The Cathedral-Basilica of Saint Peter and Paul also called Saint Peter and Paul Cathedral (Dutch: Sint-Petrus-en-Pauluskathedraal) is a wooden Roman Catholic cathedral located in the centre of the capital city of Paramaribo, Suriname. It is the biggest wooden structure in the Western Hemisphere, and the seat of the Roman Catholic Diocese of Paramaribo.
The Catholic congregation in the city originally used a church adapted in 1826 from a Dutch Jewish theatre built in 1809. As the years passed, the church became too small for the growing number of Catholics in the city. In 1882 the diocese decided to build the cathedral. It was consecrated in 1885, but the towers were not completed until 1901. A major restoration was completed in 2010 and the cathedral was re-opened. The cathedral was designated as a minor basilica by Pope Francis in 2014.

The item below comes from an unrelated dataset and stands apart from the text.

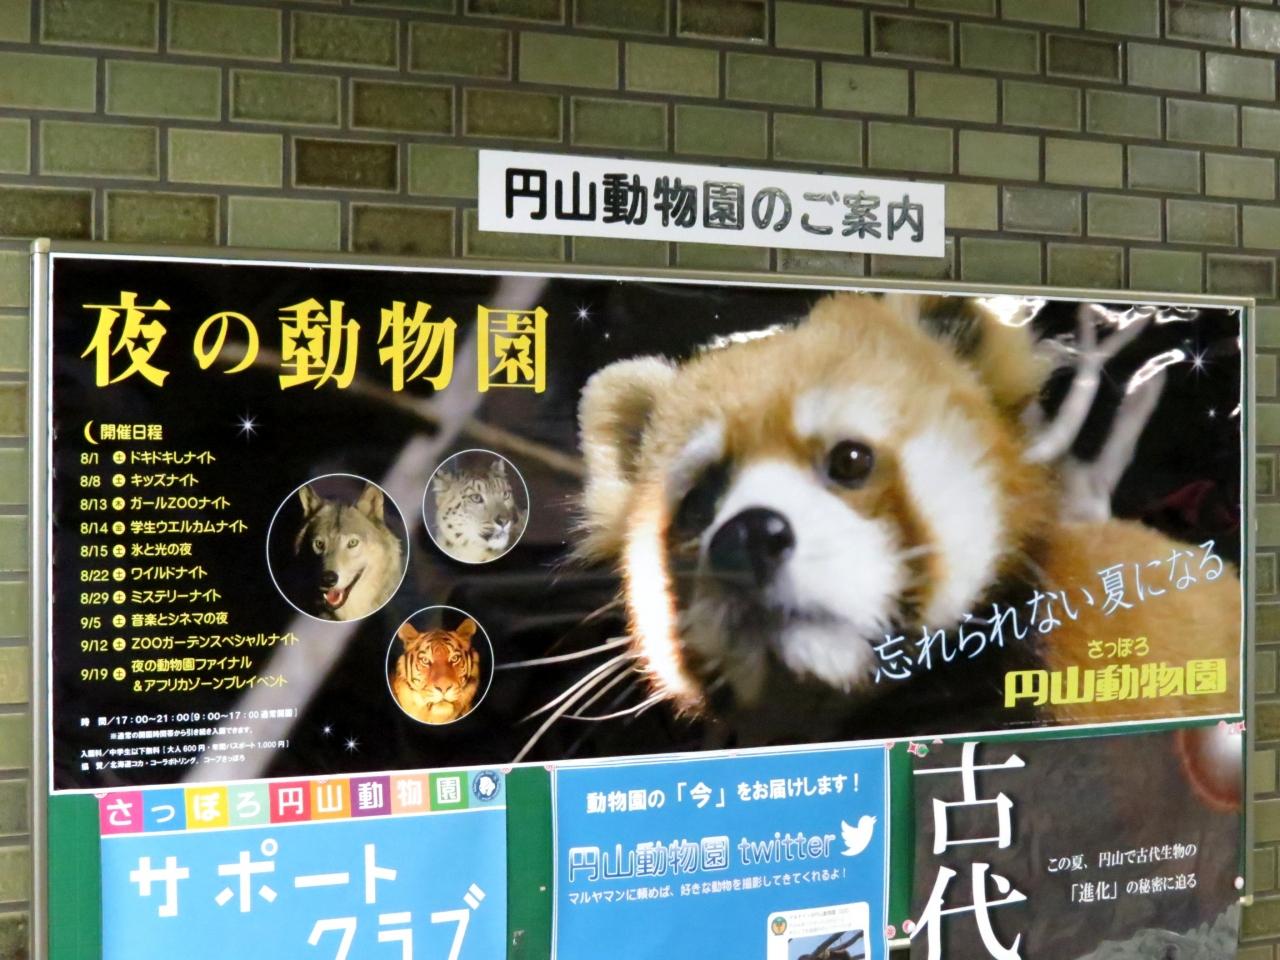 札幌の旅行の夏の人気スポット30選　8位:円山動物園

The Cathedral of St. Peter and Paul in Paramaribo
In 1826 the Roman Catholic Church in Paramaribo adapted De Verrenze Phoenix, a former Dutch Jewish theatre built in 1809, to use as a church. In 1858 it was designated as a cathedral when a diocese was established in Paramaribo and a bishop assigned.
When the congregation outgrew the building, the diocese decided to build a new cathedral. It was designed by Frans Harmes. Construction of the cathedral began January 30, 1883, on the site of a former Dutch Jewish theatre De Verrezene Phoenix, built in 1809. The cathedral interior is built of unpainted Surinamese cedar. Although it was consecrated in 1885, the towers were not completed until 1901.
A poorly done restoration was completed in 1977, but the building began to fall into disrepair, encountering problems with tilting and termites. In 2002 an extensive renovation was completed and the cathedral was returned to usable condition. With help of European Union-funding, formal restoration of the cathedral began in 2007 and, after 3 years, the church was re-opened on November 13, 2010.
In 2009 the gate to the cathedral turned 200 years old.